AIDS Healthcare Foundation:
“We urge state lawmakers to restore the funding for the state AIDS Drug Assistance Program, as the proposed cuts will have severe and catastrophic consequences if enacted”
A coalition of hundreds of AIDS activists, patients, medical care providers and concerned citizens of all backgrounds are expected to gather tomorrow, Wednesday, March 17th at 12:30 pm on the north side of the South Carolina State House for a rally to reinstate all $5.9 million in HIV/AIDS funding. Earlier this month, the South Carolina House of Representatives voted to cut all such funding from the state budget, becoming the first state in the nation to propose the elimination of its entire HIV/AIDS budget. The proposed cuts primarily affect the AIDS Drug Assistance Program (ADAP) budget—a government program that pays for lifesaving AIDS drugs for the state’s poorest residents—and the state’s HIV/AIDS prevention budget (for PROJECT FAITH, Fostering AIDS Initiatives That Heal). The proposed elimination of state funding places urgently-needed matching federal funds in jeopardy as well.

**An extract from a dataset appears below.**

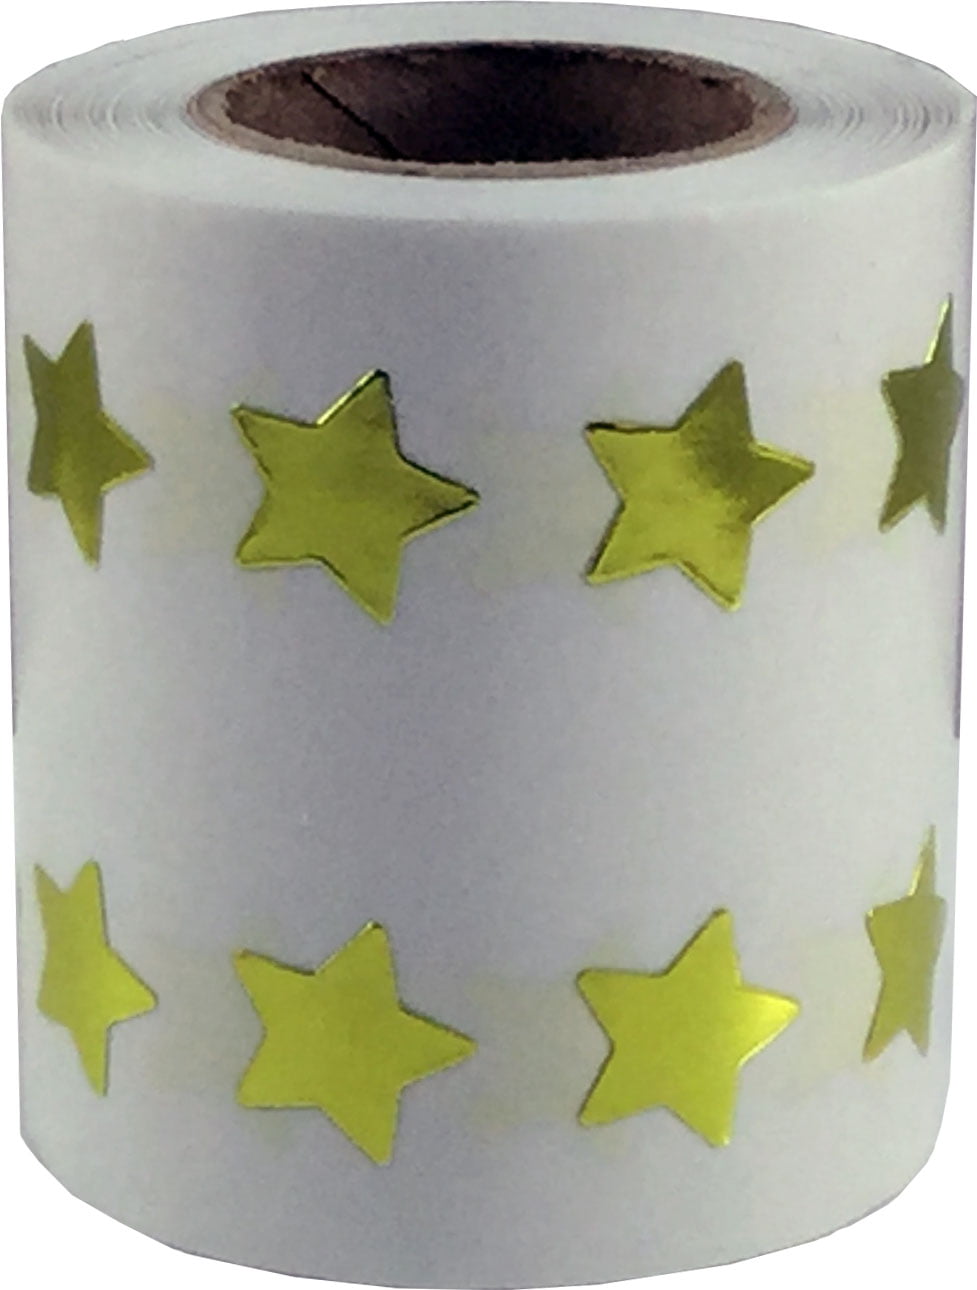 Self-Adhesive 3500 Count,100 Sheet WXJ13 1.5 cm Gold Star Stickers Labels

During the rally, the coalition, led by the South Carolina HIV/AIDS Care Crisis Task Force, will urge state lawmakers to restore the crucial funds upon which thousands of South Carolinians depend for lifesaving HIV/AIDS medications. According to the South Carolina HIV/AIDS Care Crisis Task Force, there are more than 14,000 people living with HIV/AIDS in the state. Approximately 3,000 people rely on government funds for their medications.
“We urge state lawmakers to restore the funding for the state AIDS Drug Assistance Program, as the proposed cuts will have severe and catastrophic consequences if enacted,” said Dr. Bambi Gaddist, Chair, South Carolina HIV/AIDS Care Crisis Task Force. “This is truly a matter of life or death for the thousands of people who depend upon the state to provide the lifesaving medications that enable them to lead healthy, productive lives. HIV medications can also reduce the level of infectiousness and prevent transmission of HIV from one person to another. So, this funding is also needed to help prevent the further spread of AIDS in South Carolina.”
Added Dr. Gaddist. “Although we understand that an amendment has been submitted to restore $2.2 million of the original allocation of $5.9 million, the AIDS Drug Assistance Program is receiving one hundred new applications each month. If the legislature fails to fully restore funding for HIV/AIDS prevention and ADAP back in the budget, we fear that South Carolina is looking at an even greater crisis than the one in 2006 which led to four tragic deaths.”
The South Carolina HIV/AIDS Care Crisis Task Force was created in 2006—the year that state HIV/AIDS funding began in South Carolina. At that time there were 600 people on a waiting list to receive medicine. Four of those people died. According to a press release from the Title II Community AIDS National Network, at that time the South Carolina participants were 67% African-American and 85% earned less than 200% of the federal poverty level (approximately $19,000 a year).
Funding shortages across the nation continue to affect ADAP programs nationwide. There are currently over 550 Americans on ADAP waiting lists in eleven states—and the numbers are rising. Funding cuts and the cost of covering skyrocketing drug prices have left state ADAPs stretched beyond capacity. The need for services is only expanding as more people face unemployment and the loss of job-sponsored health insurance in this challenging economic environment.
“As the first state in the nation to propose the elimination of all state AIDS funding, the crisis in South Carolina has grim national implications,” said Michael Weinstein, President of AIDS Healthcare Foundation, the U.S.’ largest HIV/AIDS organization and a member of the coalition, in a statement. “The four tragic deaths in South Carolina—just four short years ago—proves that it is no exaggeration to say that AIDS cuts kill. It is my hope that the South Carolina legislature will reconsider these ill-advised cuts that will certainly lead to poor health outcomes—possibly even death—and increased infections. I can hardly imagine a more dangerous precedent to set for ADAPs across the nation than to balance the budget on the backs of some of South Carolina’s poorest and sickest citizens.”
South Carolina ranks 8th in the nation for the rate of new AIDS cases. Columbia, the state’s capitol, ranks 9th in the nation in the rate of AIDS.